Is it Easy To have A Good house In metro cities in India ? How about New Delhi ?


----------



## noobrex (Apr 17, 2012)

No very costly in metro cheep outside


----------



## kaushik87 (May 26, 2013)

samairawtsn said:


> Is it Easy To have A Good house In metro cities in India ? How about New Delhi ?


depends....im from delhi, and i find it comfortable n easy there (dont ask y im here). by depend i mean the place u choose to stay in delhi. The really good areas have rent for about 40,000 for 2 bedroom.
In good areas about 25,000 for 2 bedroom.

and , if u intend to buy one in delhi then it is expensive. In south delhi (the best place) a 2 BHK will be nowhere less than 1.25 crore.
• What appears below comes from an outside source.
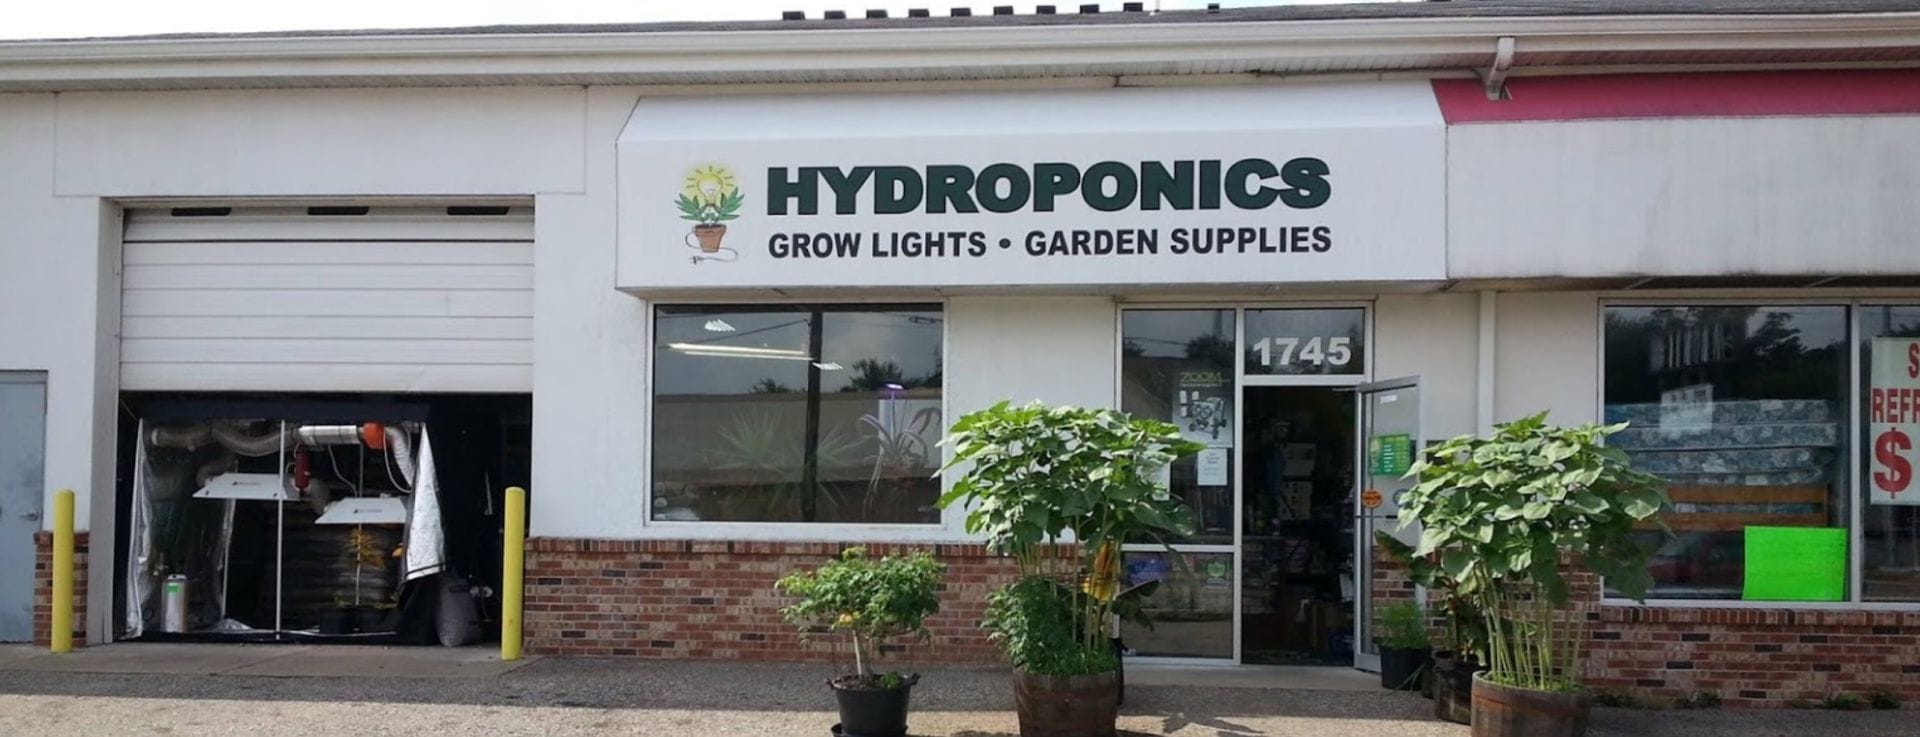 HTG Metal Herb Grinder  HTG Supply Hydroponics & Grow Lights

This is the least.


----------



## SSHARMA (Jun 29, 2013)

Hi .. It depends what you are looking for and budget. visit 

good luck


----------



## jennymom (Jul 15, 2013)

Delhi is very very crowded. You will experience the so called "cultural shock" vey fast. Hopefully you learn fast enough but otherwise that it is a good place to live.It is more expensive than lower tier cities.


----------



## preeti22 (Jan 3, 2013)

Prefer Mumbai .. Mumbai is the best city where you can find good people and affordable houses ..
I used to live in Mumbai and it was a nice and memorable experience. 
Still miss mumbai


----------



## tarunar1 (Jul 29, 2013)

preeti22 said:


> Prefer Mumbai .. Mumbai is the best city where you can find good people and affordable houses ..
> I used to live in Mumbai and it was a nice and memorable experience.
> Still miss mumbai


Delhi is good and cheaper than mumbai.


----------



## ramkmrt1 (Aug 7, 2013)

Metro is not costly and its facilities are so good and comfortable.


----------



## preeti22 (Jan 3, 2013)

tarunar1 said:


> Delhi is good and cheaper than mumbai.


I dont think so., Delhi is the capital so the prices are tend to be high


----------



## tarunar1 (Jul 29, 2013)

preeti22 said:


> I dont think so., Delhi is the capital so the prices are tend to be high


Since Delhi is capital it is cheaper. Check the petrol price in Delhi and compare with Mumbai .


----------